While working on isolates of Propionibacteria from Indian fermented milks for vitamin B12 production in our laboratory, we have also incidentally observed trehalose production by these isolates as estimated by the HPLC method.
The safety of trehalose is supported by animal and human studies and is marketed in the United States as approved by USFDA since 2000. Trehalose is also approved in Japan, Korea, Taiwan, and the United Kingdom (Kroger and others 2006).

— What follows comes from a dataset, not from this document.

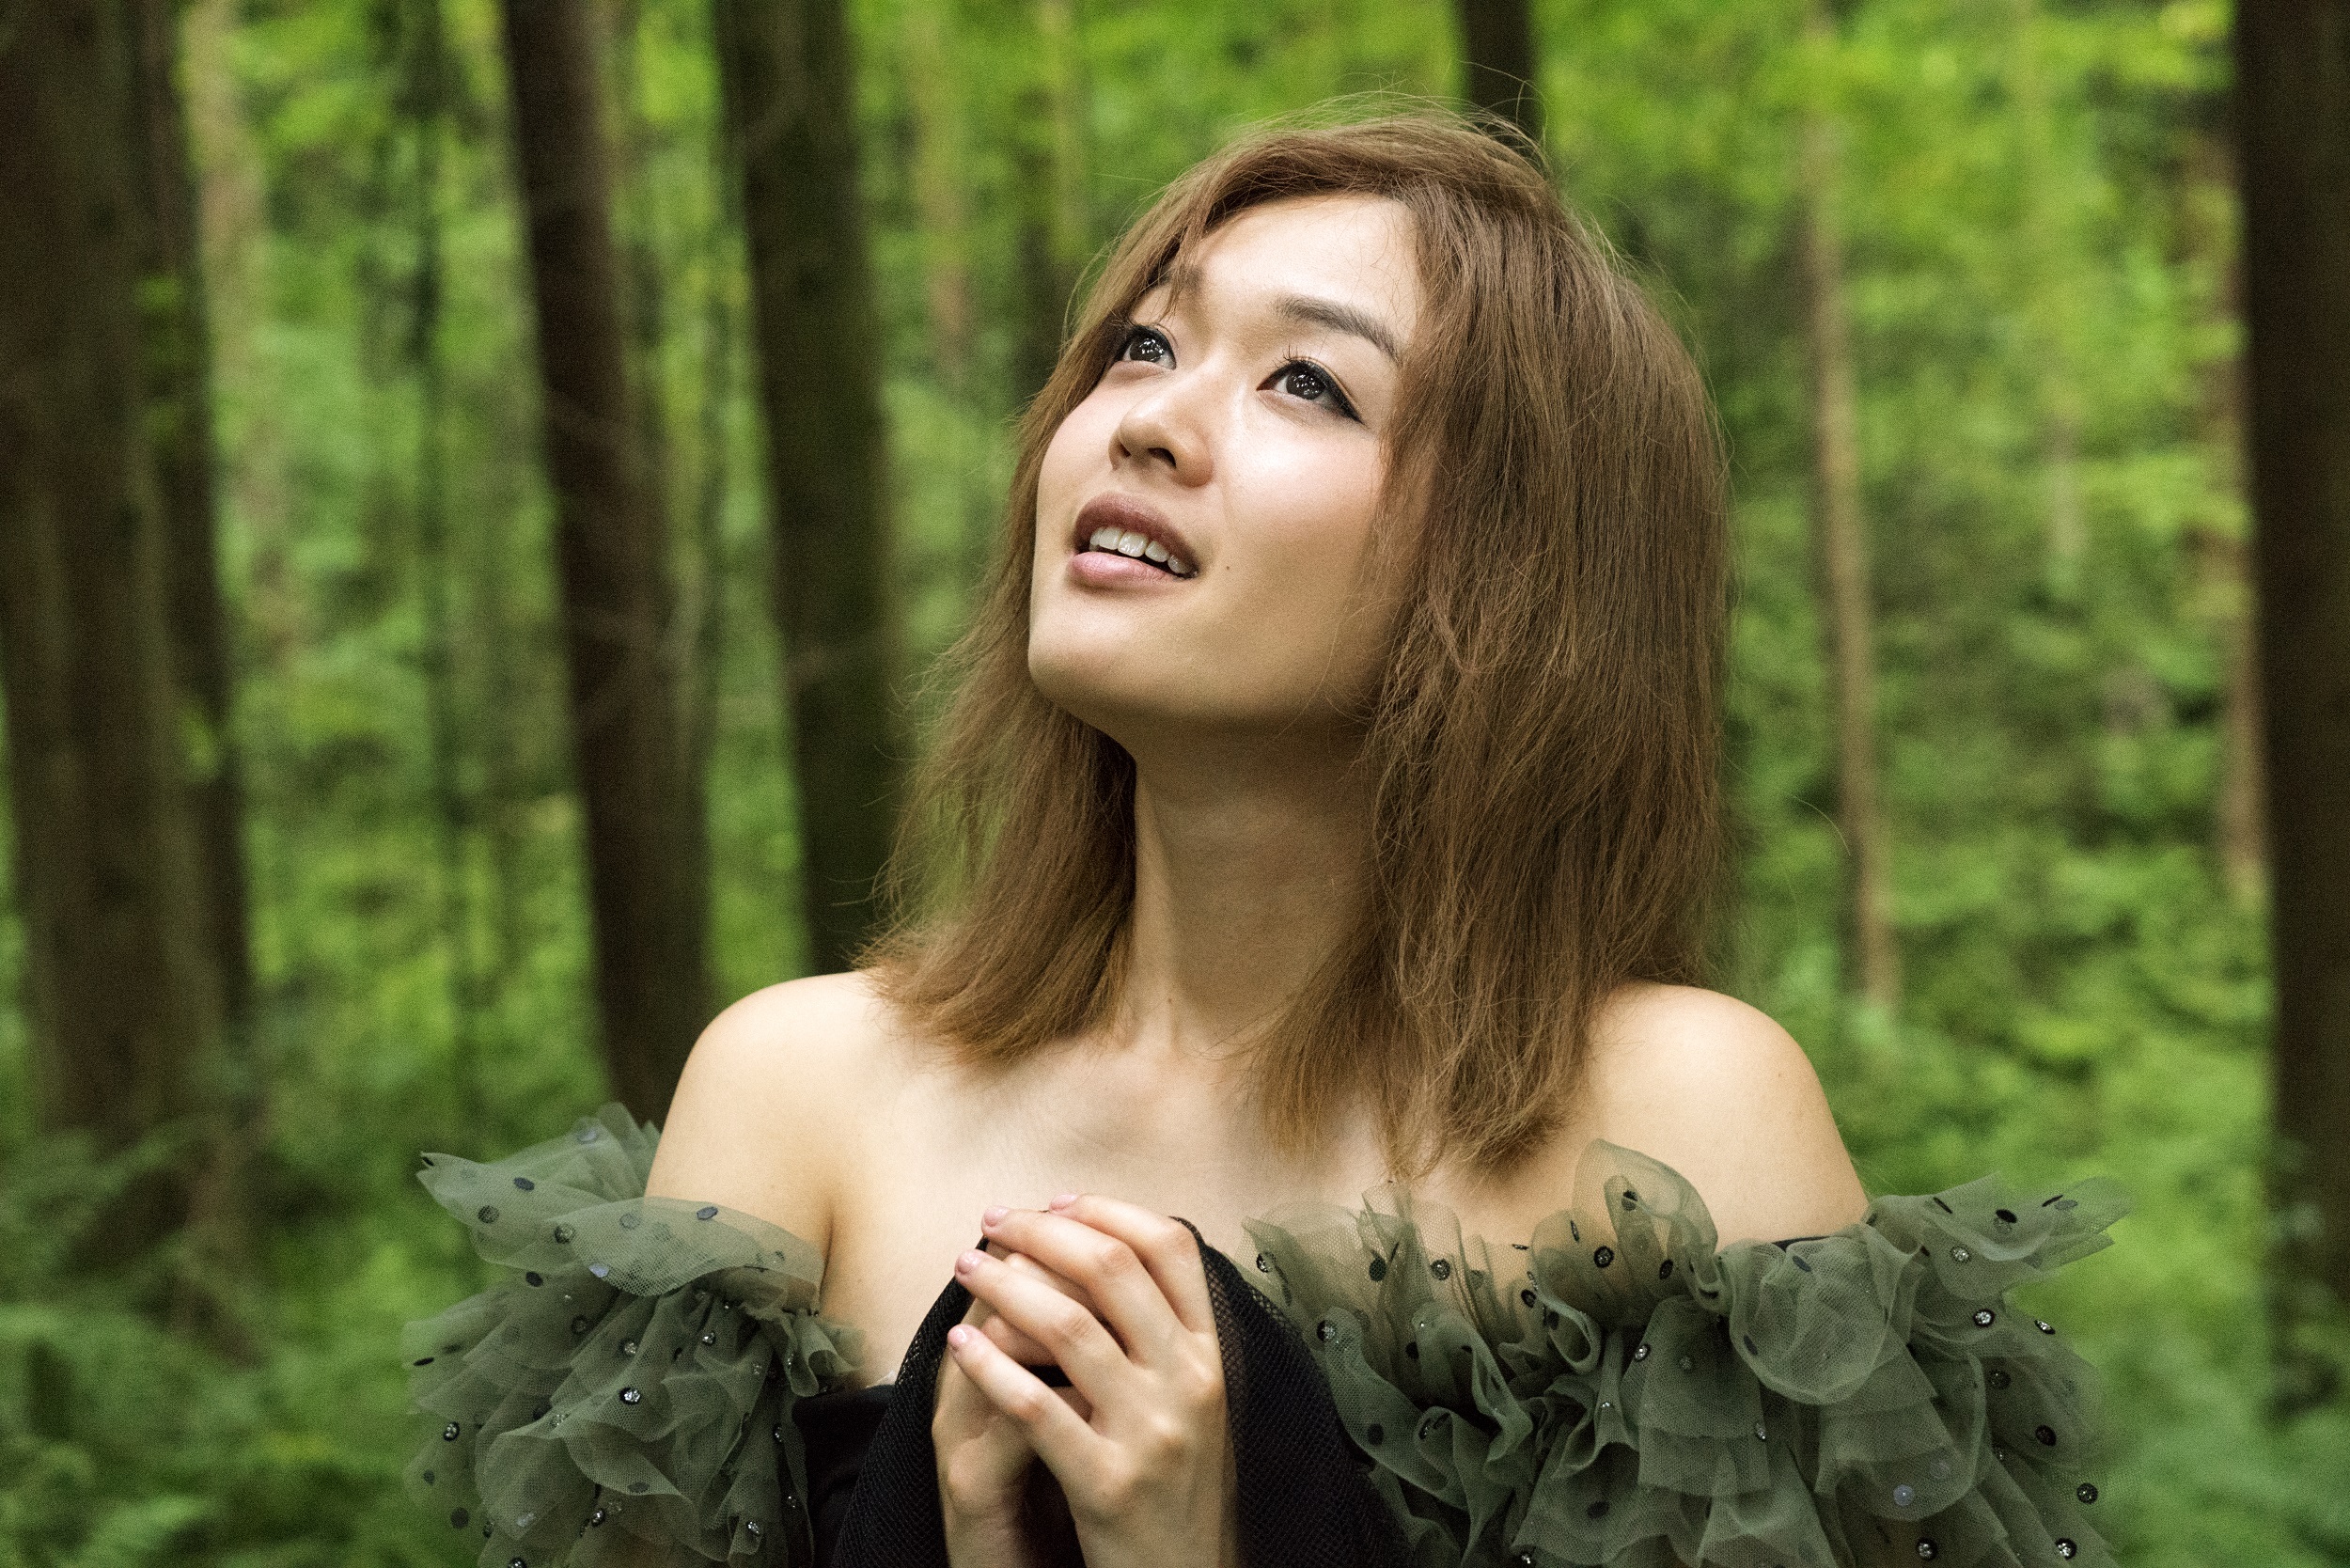 Jocelyn陳明憙加入索尼音樂大家庭 全新EP環保主打《遊樂》上線

Microbial production of these sugars is becoming more attractive because of the inherent problems of the chemical processes. The examples presented here clearly demonstrate that LAB are ideal candidates for production of these low-calorie sweeteners and for metabolic engineering. A diverse number of approaches have been employed successfully to reroute carbon metabolism toward the products of interest, resulting in high-level production of both natural and novel compounds, or removal of undesirable metabolites. Some of these constructed strains will undoubtedly find their way into novel fermented products with increased nutritional value. Taking into consideration health benefits and industrial applications, the development of novel dairy products naturally enriched in these sweeteners during fermentation processes offers interesting perspectives. The polyols and similar substances used as bulk sweeteners are also safe, but consumers need to be aware of their presence in food products so that they can limit their intake sufficiently to avoid gastrointestinal discomfort. These safe sweeteners can be exploited as vital food ingredients for the development of low-calorie foods with added functional values especially for children, diabetic patients, and weight watchers.